Start of Information provided

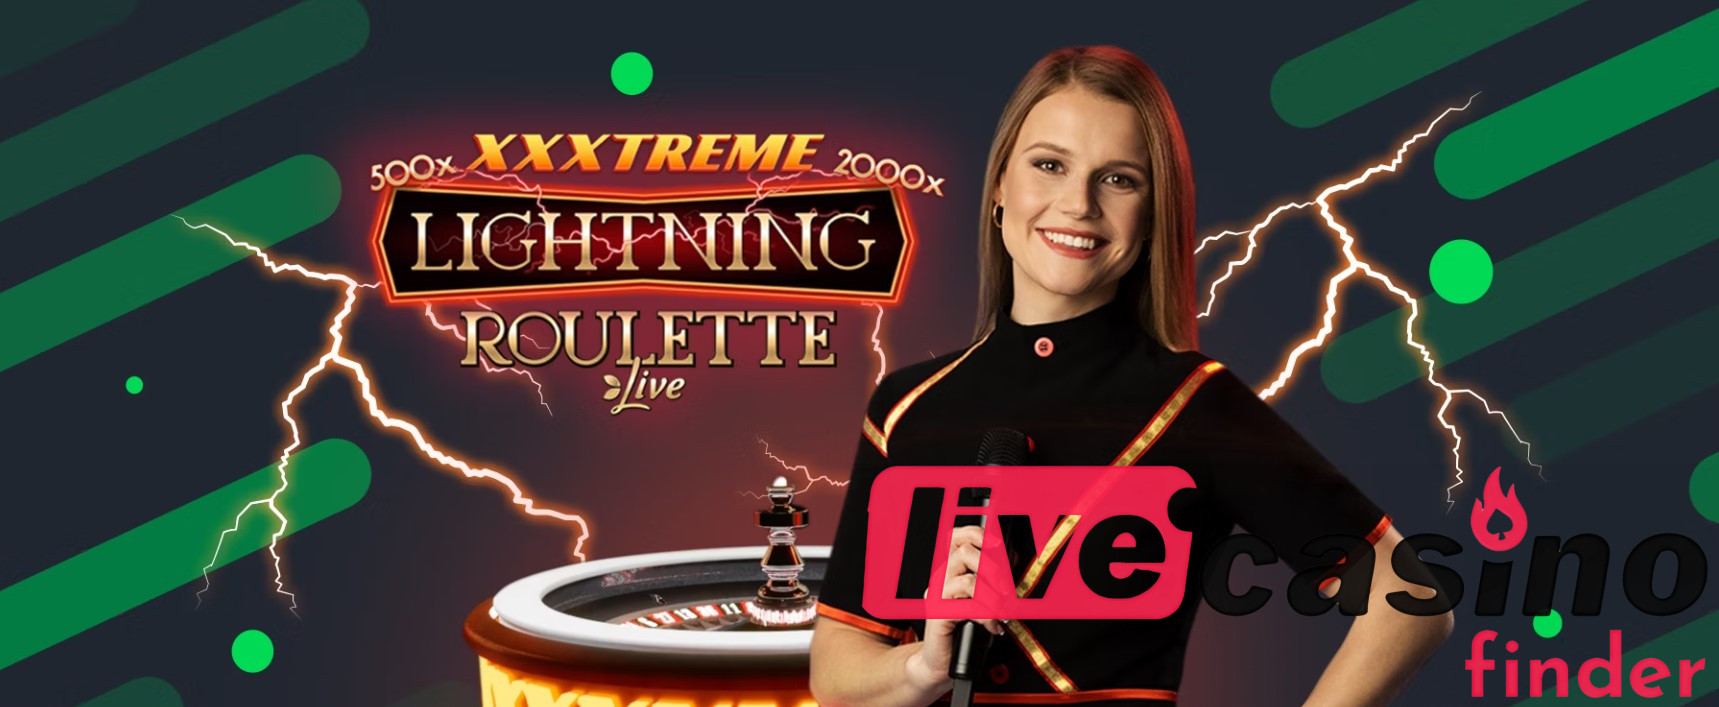 Dostawcy oprogramowania dla XXXtreme Lightning Roulette.
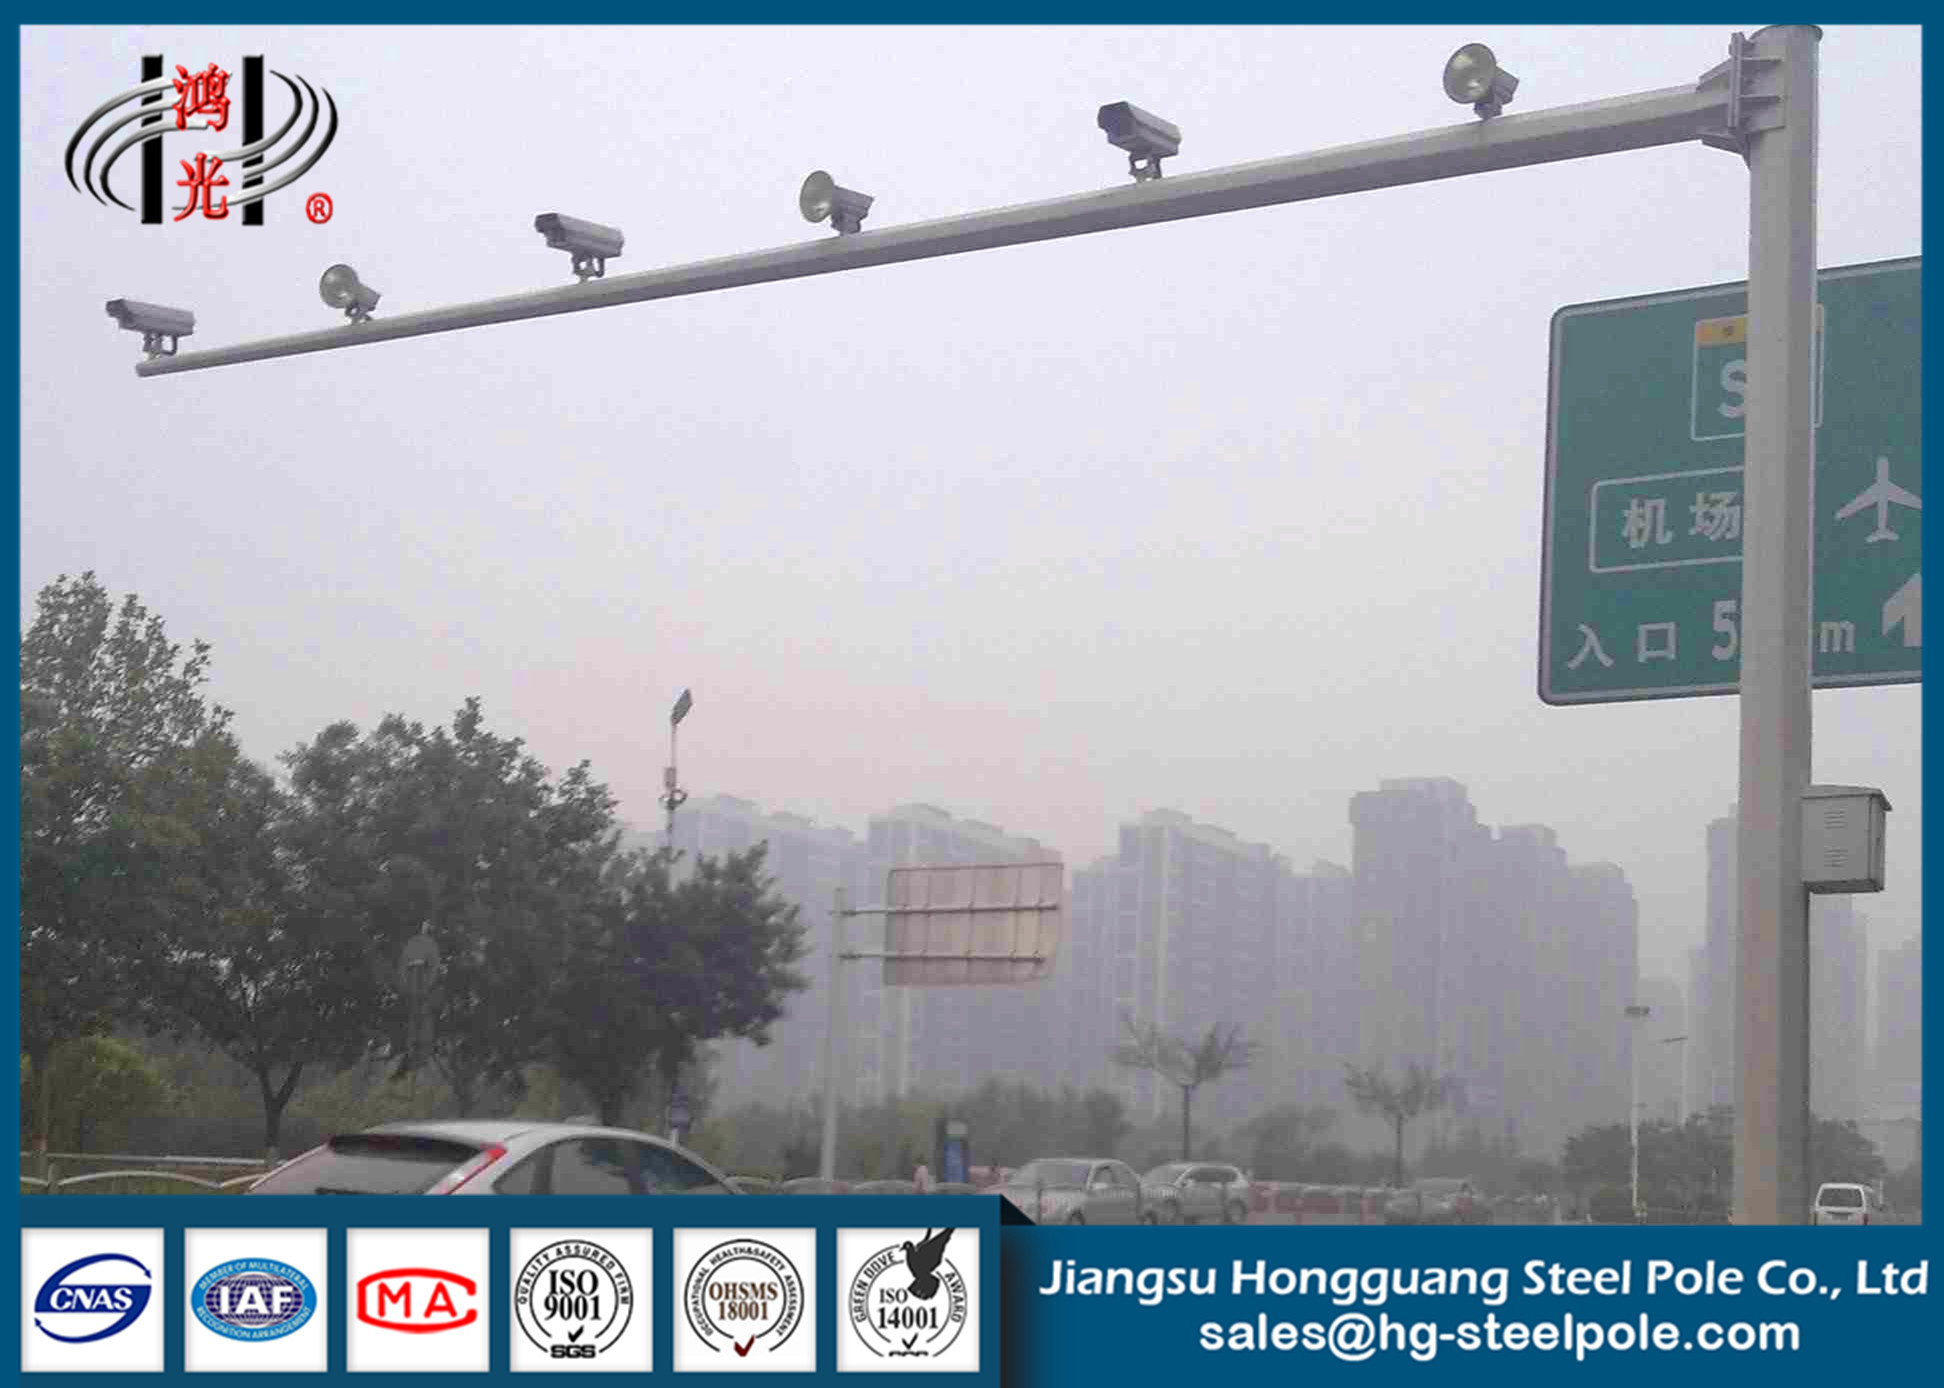 H 6.5m Yol Monitörü Galvanizli CCTV Kamera Direkleri Hava Şartlarına Direnç
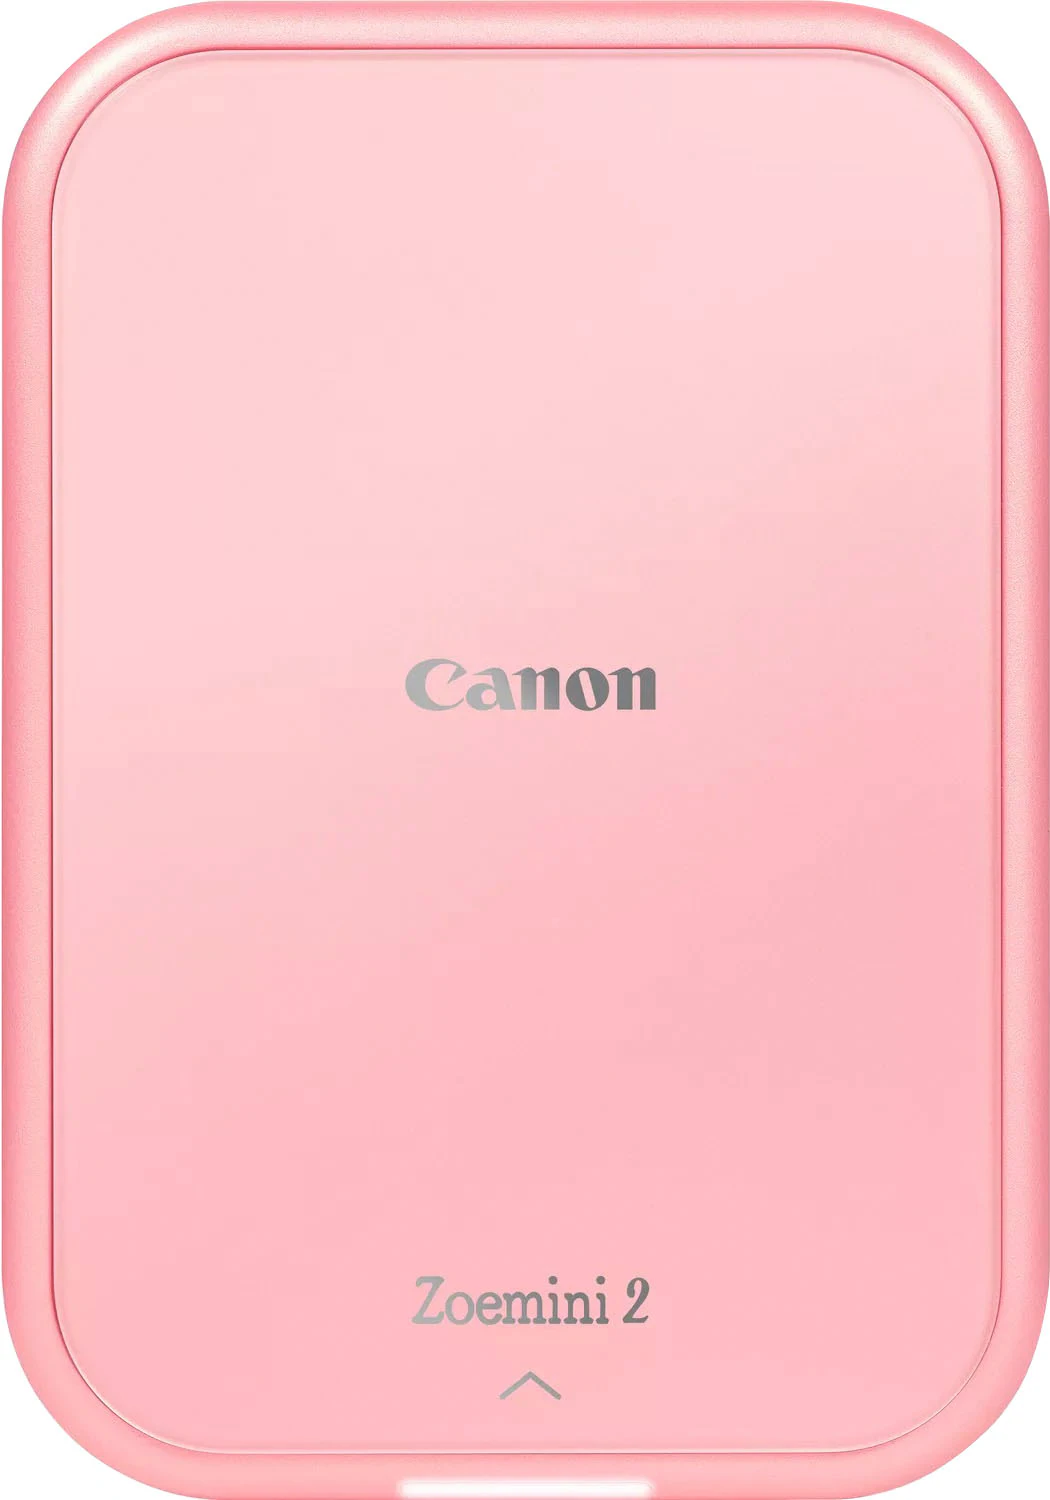 Fotografischer Drucker Canon Zoemini 2 Rosa günstig online kaufen
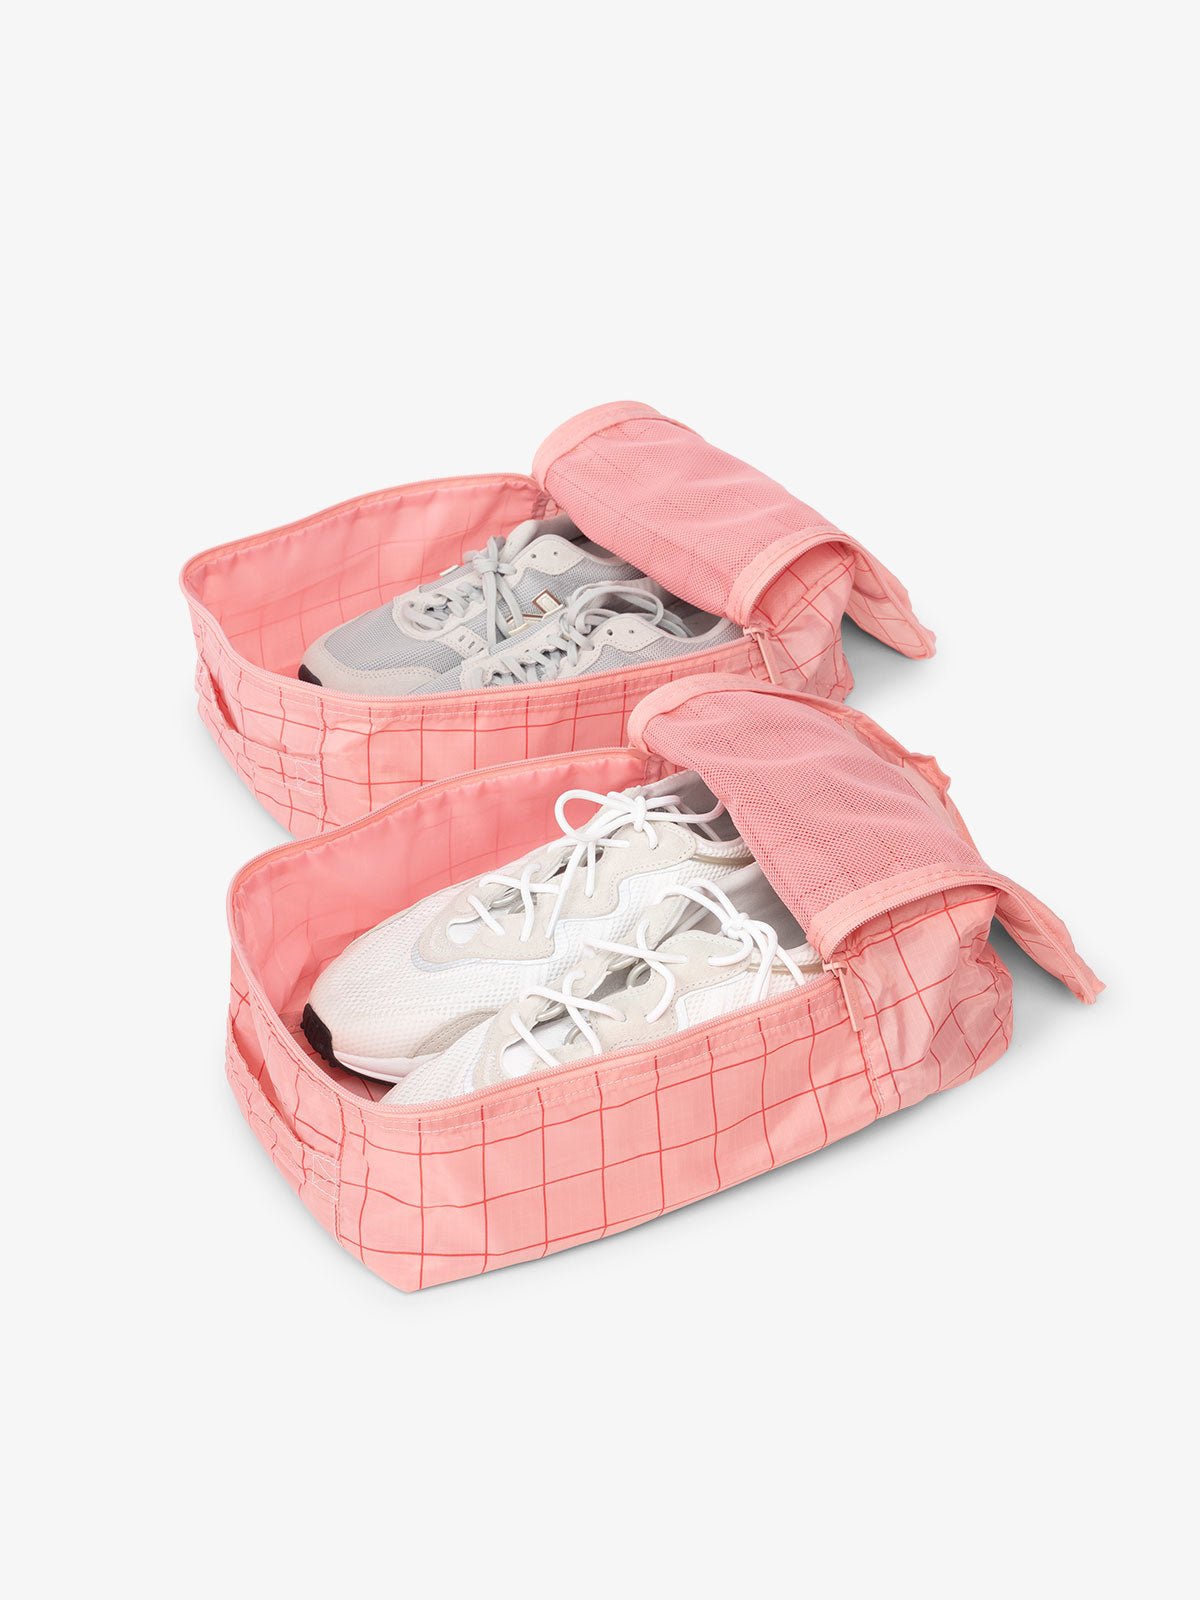 CALPAK Compakt shoe bag set with mesh pockets for travel in pink grid pattern

End of Information provided

• Problem to solve: Without the pictures, repeat exactly the lines running from the line containing "H 6.5m Yol Monitörü" through the end of the data, both ends included.

• Answer below:
 H 6.5m Yol Monitörü Galvanizli CCTV Kamera Direkleri Hava Şartlarına Direnç
 Fotografischer Drucker Canon Zoemini 2 Rosa günstig online kaufen
 CALPAK Compakt shoe bag set with mesh pockets for travel in pink grid pattern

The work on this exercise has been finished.